Until a few years ago B. canis was an exotic pathogen to the UK, known as a disease in imported dogs only (Shaw et al, 2003). How this pathogen first infected tick populations in the Southern UK remains unknown, but the key point is that its distribution in the UK is likely to increase in the near future, because B. canis and its vector are endemic across mainland Europe and may (re-)enter the UK with travelling dogs.

Ixodes spp.

Ticks belonging to the Ixodes genus, especially Ixodes ricinus, are common in habitats with deciduous woodlands, heaths and forests, especially in humid areas. In the UK, where the current climate allows questing and feeding of Ixodes ticks all year round, I. ricinus is highly prevalent (Wright et al, 2018a), while it is scarcely present in Mediterranean regions where summers are dry. This tick is an efficient vector of Anaplasma phagocytophilum, Borrelia burgdorferi and tick-borne encephalitis virus (TBEV). While the presence of A. phagocytophilum and B. burgdorferi in UK has been known, it is only recently that TBEV has been recorded in the UK (Holding et al, 2020). Although the origin of this virus in the UK is unknown, imported rescue dogs of unknown health status have been hypothesised as the potential source. This is of relevance as Ixodes spp. ticks are endemic across all of northern Europe, where TBE is also endemic.

Babesia spp.

It is interesting to note that a recent case of Babesia microti-like (known also as Babesia vulpes or Theileria annae) infection has been described in a dog that had never travelled outside UK (MacLeod and Wright, 2019).

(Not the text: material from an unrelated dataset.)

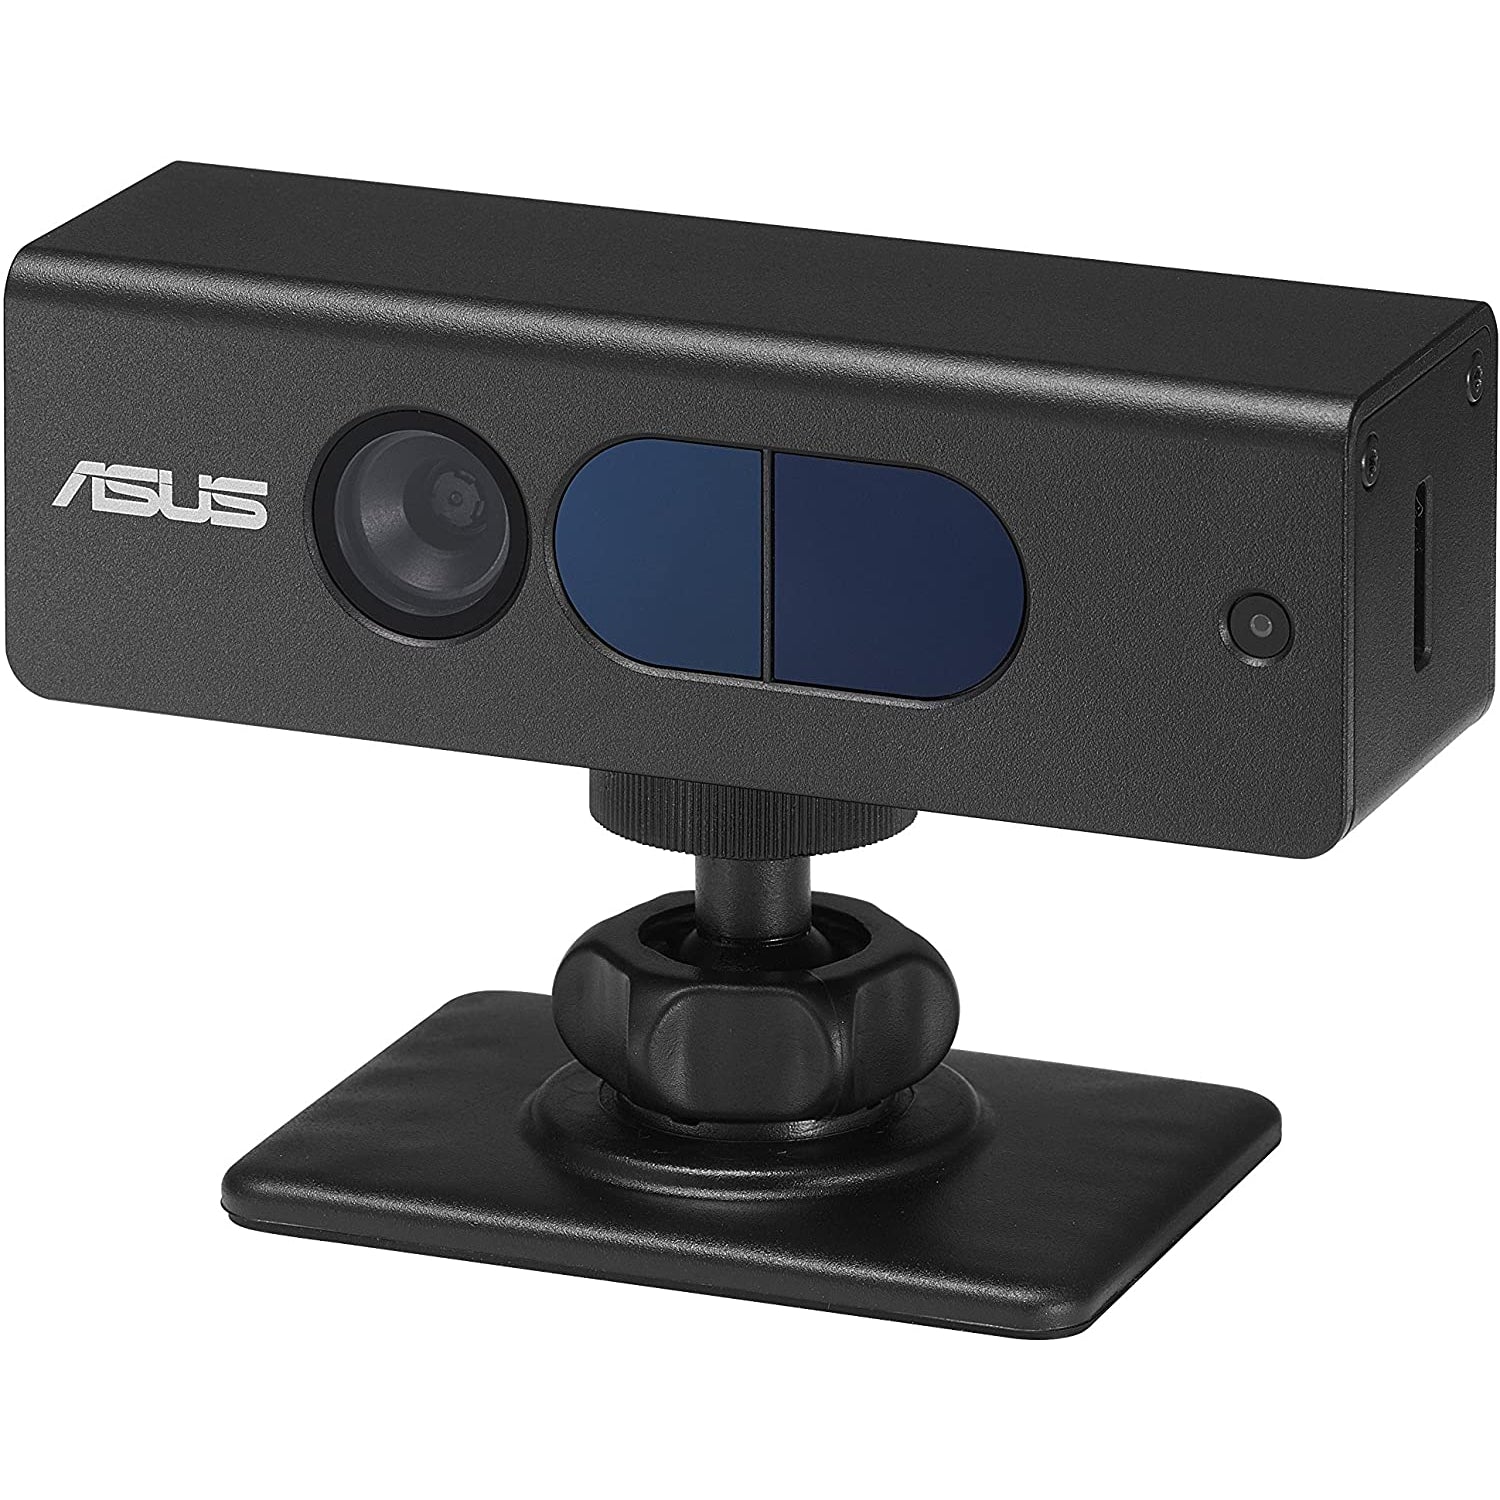 Asus Xtion2 3D RGB and Depth Sensor
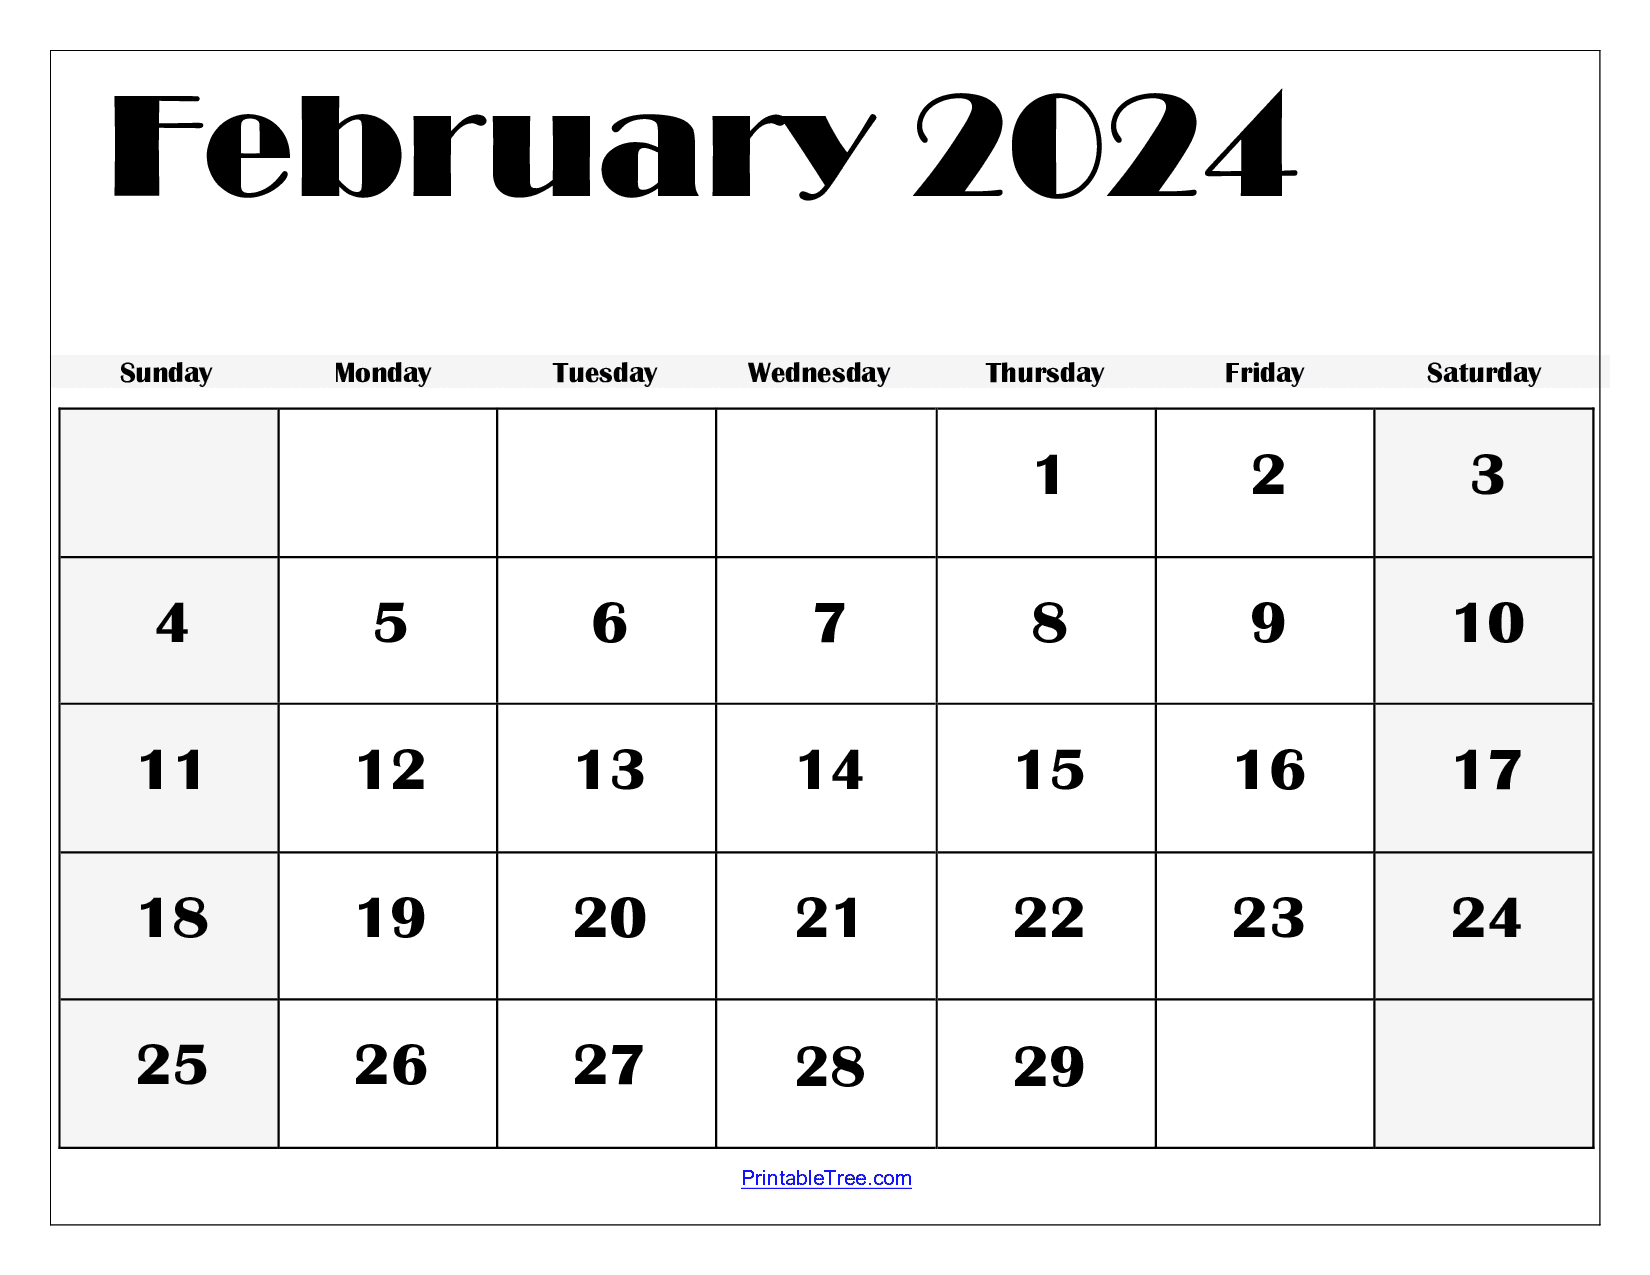 February 2024 Calendar Printable Pdf Template With Holidays for Free February 2024 Calendar Printable

This record is also of biological relevance, because the vector(s) is/are still undefined but various Ixodes spp., along with D. reticulatus and R. sanguineus, are suspected to have a role in its transmission (Baneth et al, 2019). Also, it seems that dog-to-dog transmissions play an important role in the epizootiology of this infection (Barash et al, 2019). This means that, once some vector-borne pathogens enter into an area previously free of the parasite, the presence of efficient vectors is not a completely necessary requirement for their spread. This could be true also for L. infantum (see below).

Ticks and cats

Ticks and tick-borne diseases are generally considered to be health issues for dogs rather than for cats. Nonetheless, the aforementioned tick species may feed on cats as well, and some pathogens that they transmit to dogs (e.g. A. phagocytophilum) also may cause clinical signs in cats. Additionally, a recent study has proved that in the UK I. ricinus may infest cats earlier in the year (i.e. by March) than dogs (Wright et al, 2018a). There are data showing that cats are prone to be parasitised by ticks infected with pathogens such as Babesia spp. and Borrelia spp. throughout the UK, especially when living in green spaces providing a suitable habitat for Ixodes spp. (Shaw et al, 2005; Davies et al, 2017).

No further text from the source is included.